** Opening RECORDS PROVIDED block **

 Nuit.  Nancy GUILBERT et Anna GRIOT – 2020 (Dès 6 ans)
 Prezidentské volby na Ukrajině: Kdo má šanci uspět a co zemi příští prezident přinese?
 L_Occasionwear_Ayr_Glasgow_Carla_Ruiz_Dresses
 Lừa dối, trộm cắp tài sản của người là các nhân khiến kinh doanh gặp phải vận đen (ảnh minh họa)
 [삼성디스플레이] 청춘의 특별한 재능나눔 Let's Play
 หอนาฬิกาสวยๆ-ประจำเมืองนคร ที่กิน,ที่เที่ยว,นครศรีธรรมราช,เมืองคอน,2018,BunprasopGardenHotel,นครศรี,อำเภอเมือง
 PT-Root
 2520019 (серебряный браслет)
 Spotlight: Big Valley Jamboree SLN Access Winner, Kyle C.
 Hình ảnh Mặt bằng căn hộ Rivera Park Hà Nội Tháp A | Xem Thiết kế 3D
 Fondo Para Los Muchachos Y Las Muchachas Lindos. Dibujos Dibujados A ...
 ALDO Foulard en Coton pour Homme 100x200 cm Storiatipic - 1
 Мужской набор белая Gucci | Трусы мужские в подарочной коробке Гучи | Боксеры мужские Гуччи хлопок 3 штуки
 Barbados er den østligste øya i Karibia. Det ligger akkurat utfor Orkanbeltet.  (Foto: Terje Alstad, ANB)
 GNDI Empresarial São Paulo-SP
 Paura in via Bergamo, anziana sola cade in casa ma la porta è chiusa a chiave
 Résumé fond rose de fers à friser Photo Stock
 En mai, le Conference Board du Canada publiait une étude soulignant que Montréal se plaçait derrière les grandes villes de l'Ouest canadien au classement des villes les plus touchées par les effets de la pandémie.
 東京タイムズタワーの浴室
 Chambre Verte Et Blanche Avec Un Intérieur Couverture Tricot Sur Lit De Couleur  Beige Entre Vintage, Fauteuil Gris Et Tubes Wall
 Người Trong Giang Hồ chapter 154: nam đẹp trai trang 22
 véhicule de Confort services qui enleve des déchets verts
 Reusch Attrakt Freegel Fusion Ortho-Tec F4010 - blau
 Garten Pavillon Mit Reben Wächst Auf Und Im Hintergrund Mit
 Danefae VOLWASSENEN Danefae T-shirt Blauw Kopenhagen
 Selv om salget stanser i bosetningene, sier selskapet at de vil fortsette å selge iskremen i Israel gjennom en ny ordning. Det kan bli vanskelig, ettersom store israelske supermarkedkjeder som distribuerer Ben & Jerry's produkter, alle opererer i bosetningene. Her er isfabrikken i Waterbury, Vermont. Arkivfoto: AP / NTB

** Closing RECORDS PROVIDED block **

Write down exactly the span of lines above from the one containing "GNDI Empresarial São Paulo-SP" to the one containing "Chambre Verte Et", both ends included.

 GNDI Empresarial São Paulo-SP
 Paura in via Bergamo, anziana sola cade in casa ma la porta è chiusa a chiave
 Résumé fond rose de fers à friser Photo Stock
 En mai, le Conference Board du Canada publiait une étude soulignant que Montréal se plaçait derrière les grandes villes de l'Ouest canadien au classement des villes les plus touchées par les effets de la pandémie.
 東京タイムズタワーの浴室
 Chambre Verte Et Blanche Avec Un Intérieur Couverture Tricot Sur Lit De Couleur  Beige Entre Vintage, Fauteuil Gris Et Tubes Wall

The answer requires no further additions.